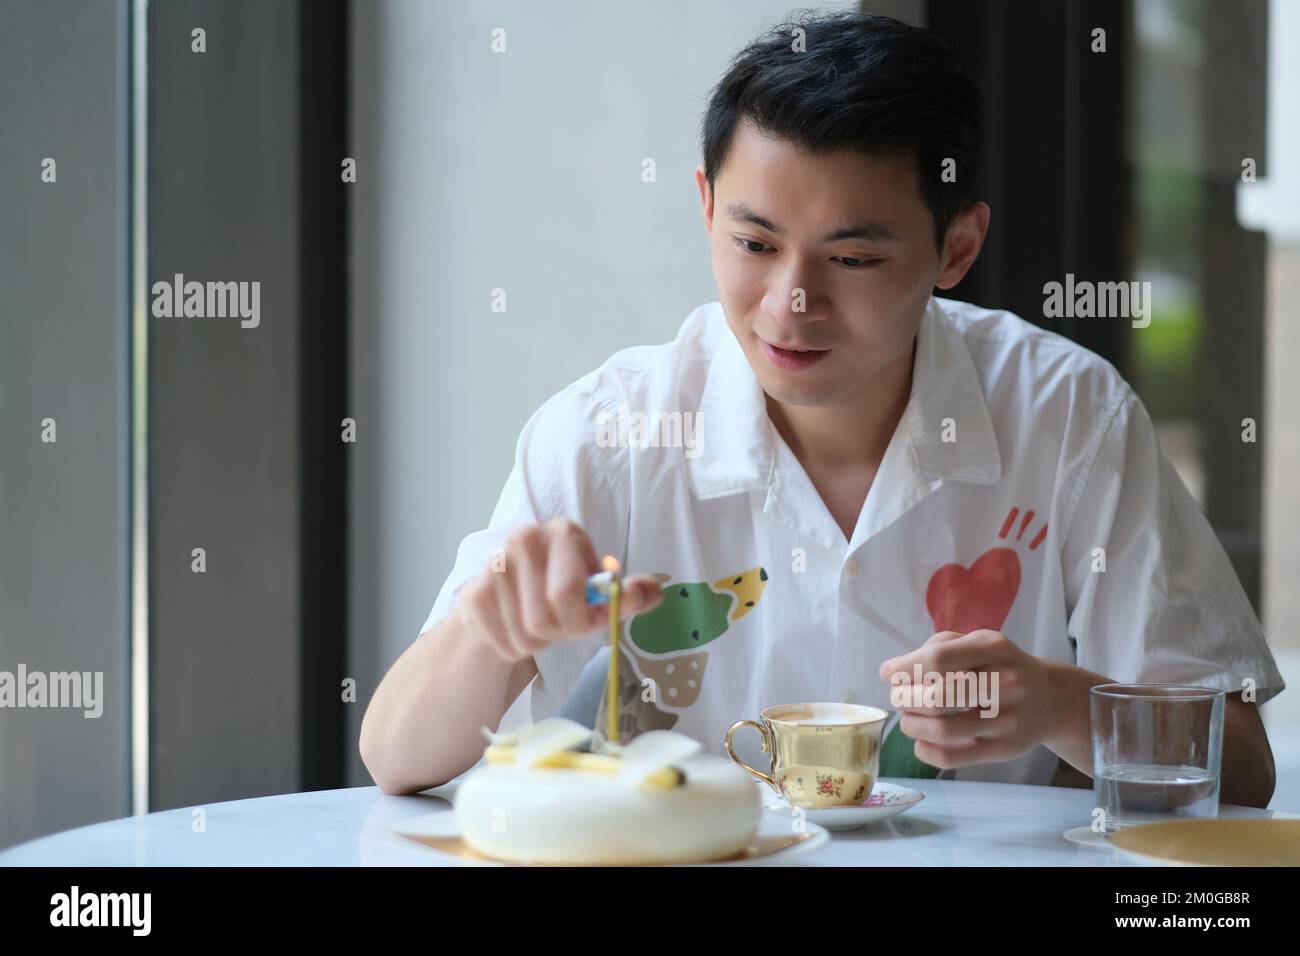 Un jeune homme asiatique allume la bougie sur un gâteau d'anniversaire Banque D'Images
==
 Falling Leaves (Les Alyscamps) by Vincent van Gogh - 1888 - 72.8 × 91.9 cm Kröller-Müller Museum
---
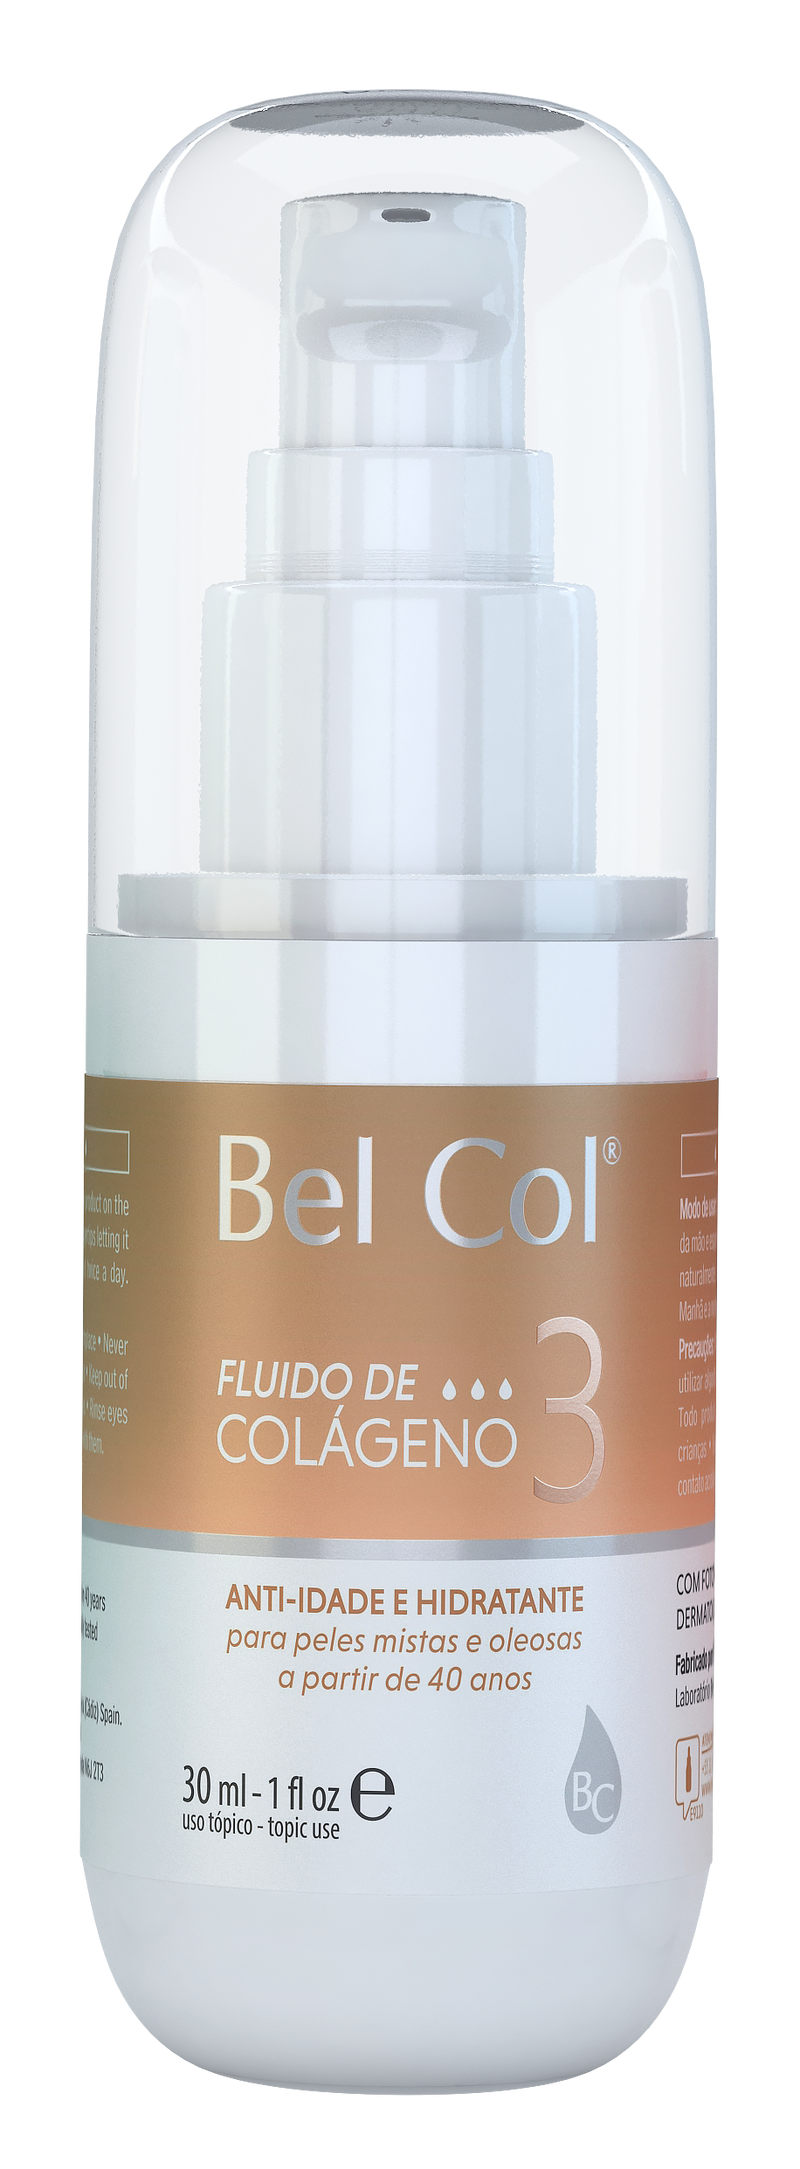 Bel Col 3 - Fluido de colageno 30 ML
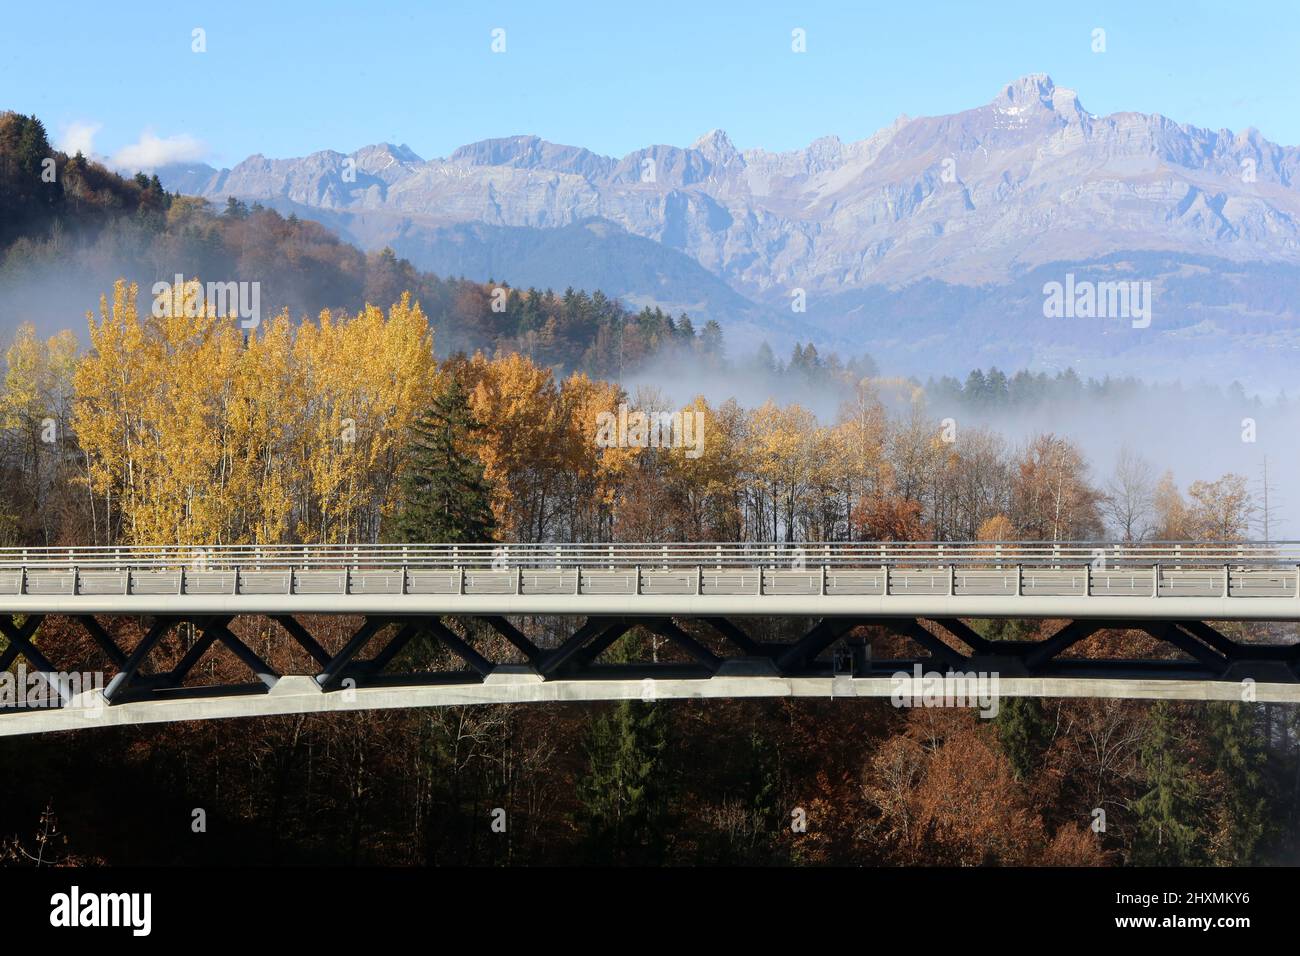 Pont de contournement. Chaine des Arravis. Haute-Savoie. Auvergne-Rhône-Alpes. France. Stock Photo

## What needs to be done
In the listing above, find the line with "Bel Col 3 - Fluido de colageno 30 ML" and the line with "Pont de contournement.". Copy exactly those lines and all between them, minus the images.

## Task solution
 Bel Col 3 - Fluido de colageno 30 ML
 Pont de contournement. Chaine des Arravis. Haute-Savoie. Auvergne-Rhône-Alpes. France. Stock Photo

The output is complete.